Several modifications of the original design (Gage et al. 1997) were necessary to adapt the bait tube method to conditions in a chaparral plant community. One major obstacle encountered was the rapid disappearance of bait, usually within several days of placement, because of the high diversity and abundance of rodents in brushland. A second obstacle was that of locating adhesives that would effectively bind the carpet and the Velcro to the bait tubes. We solved both problems, which facilitated the research and increased the cost-effectiveness of the method by reducing the amount of bait, the time required to prepare it, and the frequency of field trips to replenish it. Reinforcing the internal portion of each bait block with wire-mesh cylinders prevented rodents from ingesting all the bait while continuing to attract them for 1 month or more without replenishment. Moreover, after a process of trial and error, two adhesives were found that fastened the carpet and Velcro to the tubes more securely and longer than any of the other adhesives evaluated (n = 5).

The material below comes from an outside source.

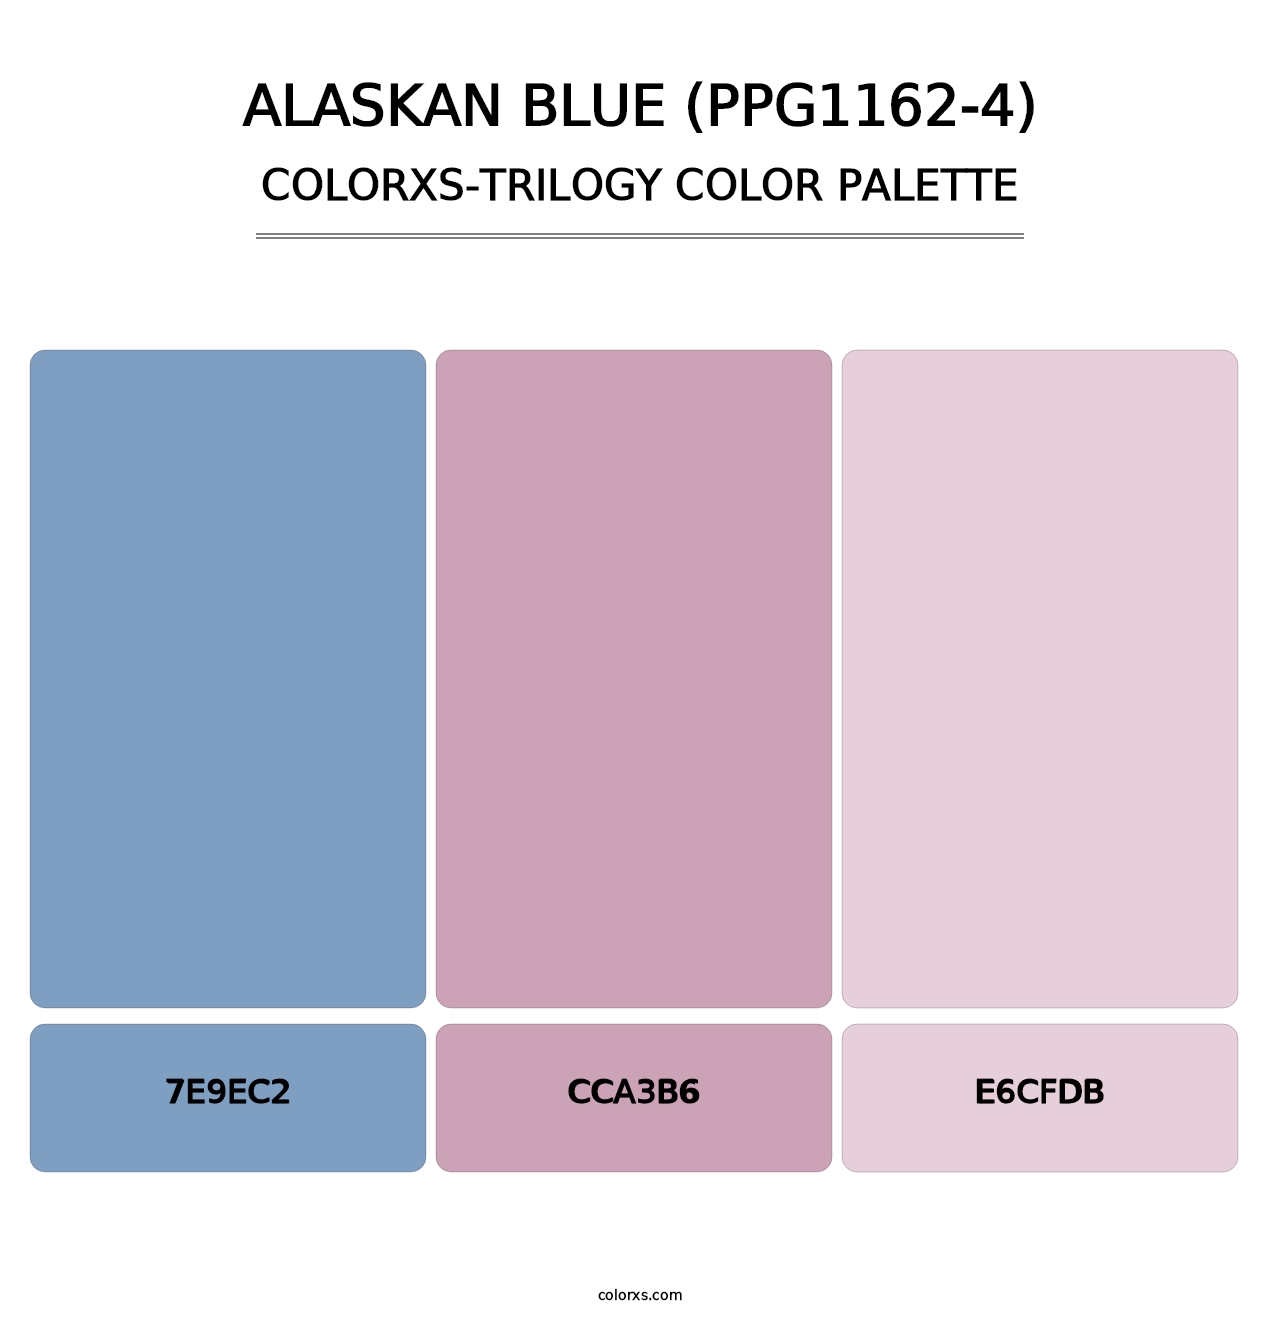 Alaskan Blue (PPG1162-4) - Colorxs Trilogy Palette

We conclude that the modified liquid permethrin bait tube method is highly effective in reducing populations of vector ticks and fleas on wood rats in brushlands. Since 3 of the 4 tick species infesting wood rats can transmit one or more bacterial agents, and the fleas O. sexdentatus and M. telchinus are capable of transmitting the plague bacterium, this approach offers considerable promise as a tool for reducing arthropod vectors of human pathogens in rural and possibly peridomestic settings in the western United States. This point is underscored by the fact that the method has proven effective against ticks and fleas in dissimilar environments in Colorado and California. Moreover, this host-targeted method is cost-effective, timesaving, and employs a pyrethroid pesticide that is persistent, effective at low doses and of low mammalian toxicity (Gage et al. 1997).